2017-07-30

SqlBulkCopy with PowerShell

The challenge

A rather common task is to copy many (all) rows from one SQL Server database table to another as smooth and fast as possible. There are some tuning on the platform that is important, but the copy itself can be done in several very different ways.

A copy direct from table to table can be done with the .NET SqlBulkCopy class using PowerShell.

Alternative T-SQL statements can be used with reduced possibilities and (maybe) better performance:
INSERT INTO ... SELECT FROM where the target table must be created before, but can be in any filegroup.
Or SELECT INTO can be used where the target table will be created in the primary filegroup if the table does not exist there already.

Copying data between a table and a file can also be done with the SQL Server utility bcp.exe.
To copy data from a file to a database table can be done with the T-SQL statement BULK INSERT.
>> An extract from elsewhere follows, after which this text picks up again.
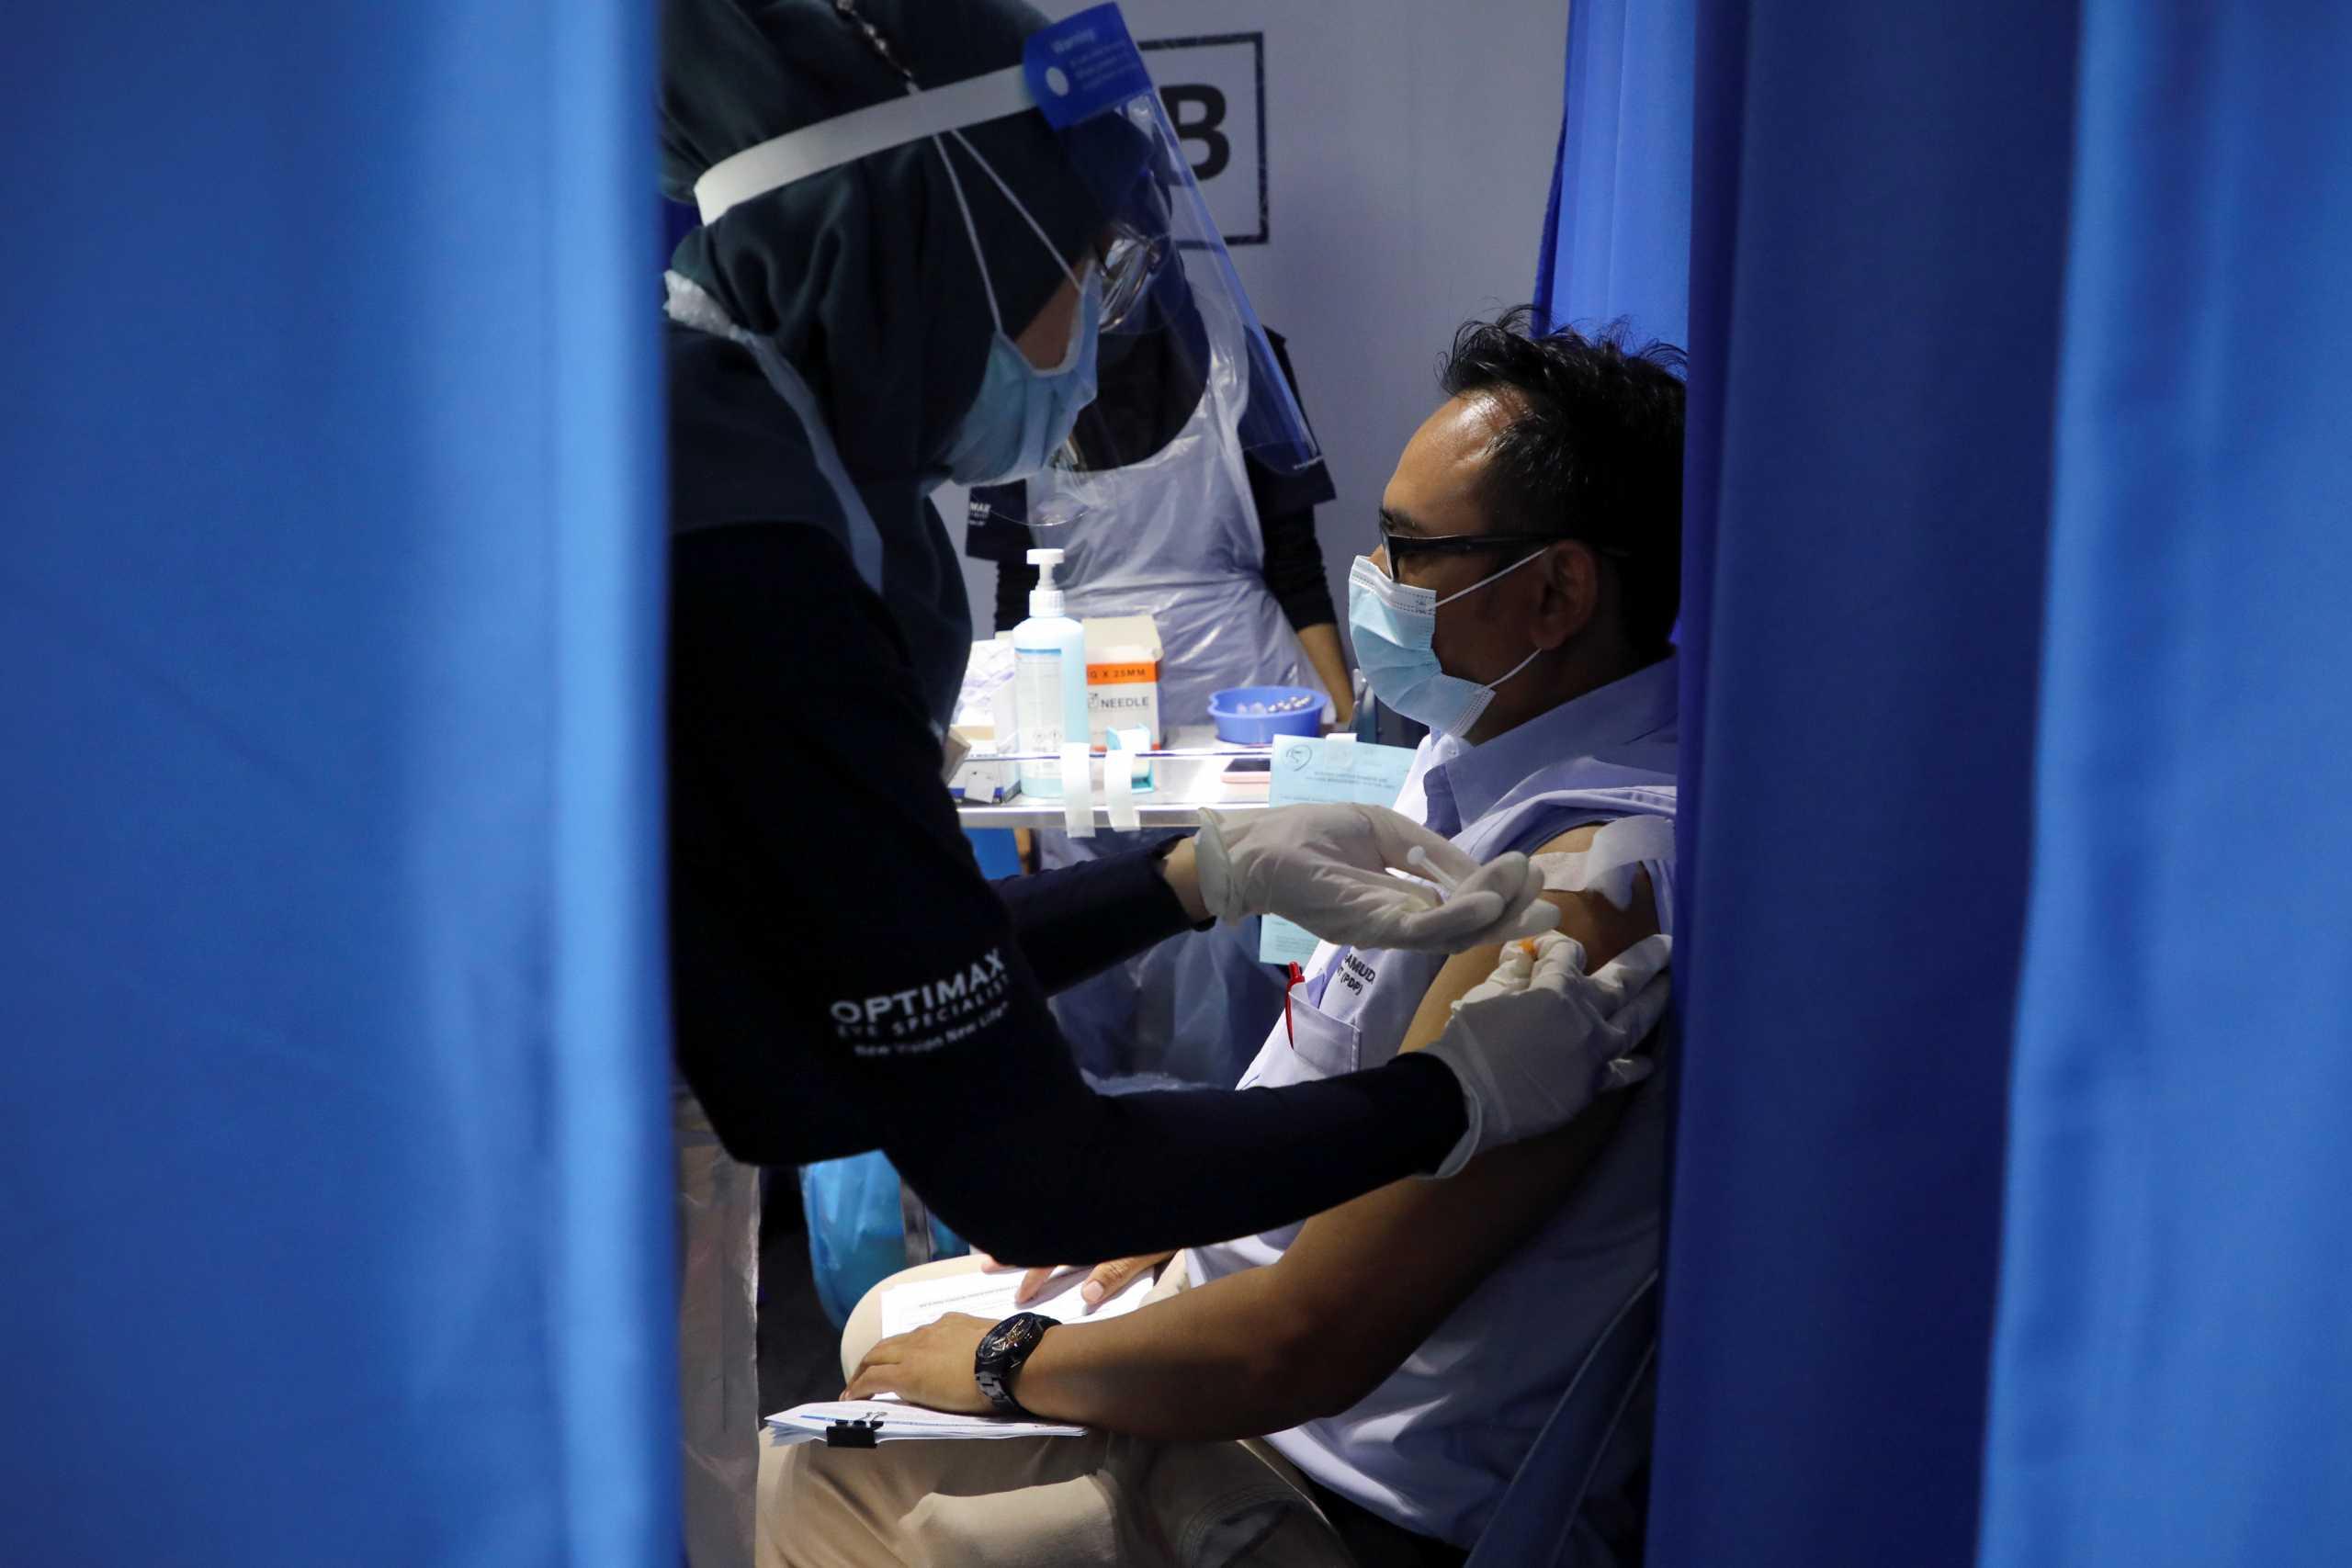 Κορονοϊός – Έρευνα:  Μια τρίτη δόση εμβολίου μπορεί να ενισχύσει την προστασία των μεταμοσχευμένων

But for now I will focus on SqlBulkCopy with PowerShell.
Yan Pan wrote the great post „Use PowerShell to Copy a Table Between Two SQL Server Instances“ at the Hey, Scripting Guy! blog, but I will go through details on my own to get a deeper understanding.

Using SqlBulkCopy

There is a special case on identity insert as key constraints and not null is not checked by default. This can be changed using the SqlBulkCopyOption enumerations CheckConstraints.

With large amounts of data it is important to use streaming with a SqlDataReader object instead of a static DataSet object, as the DataSet object will hold all data in memory. This can really stress a server and might bring it down.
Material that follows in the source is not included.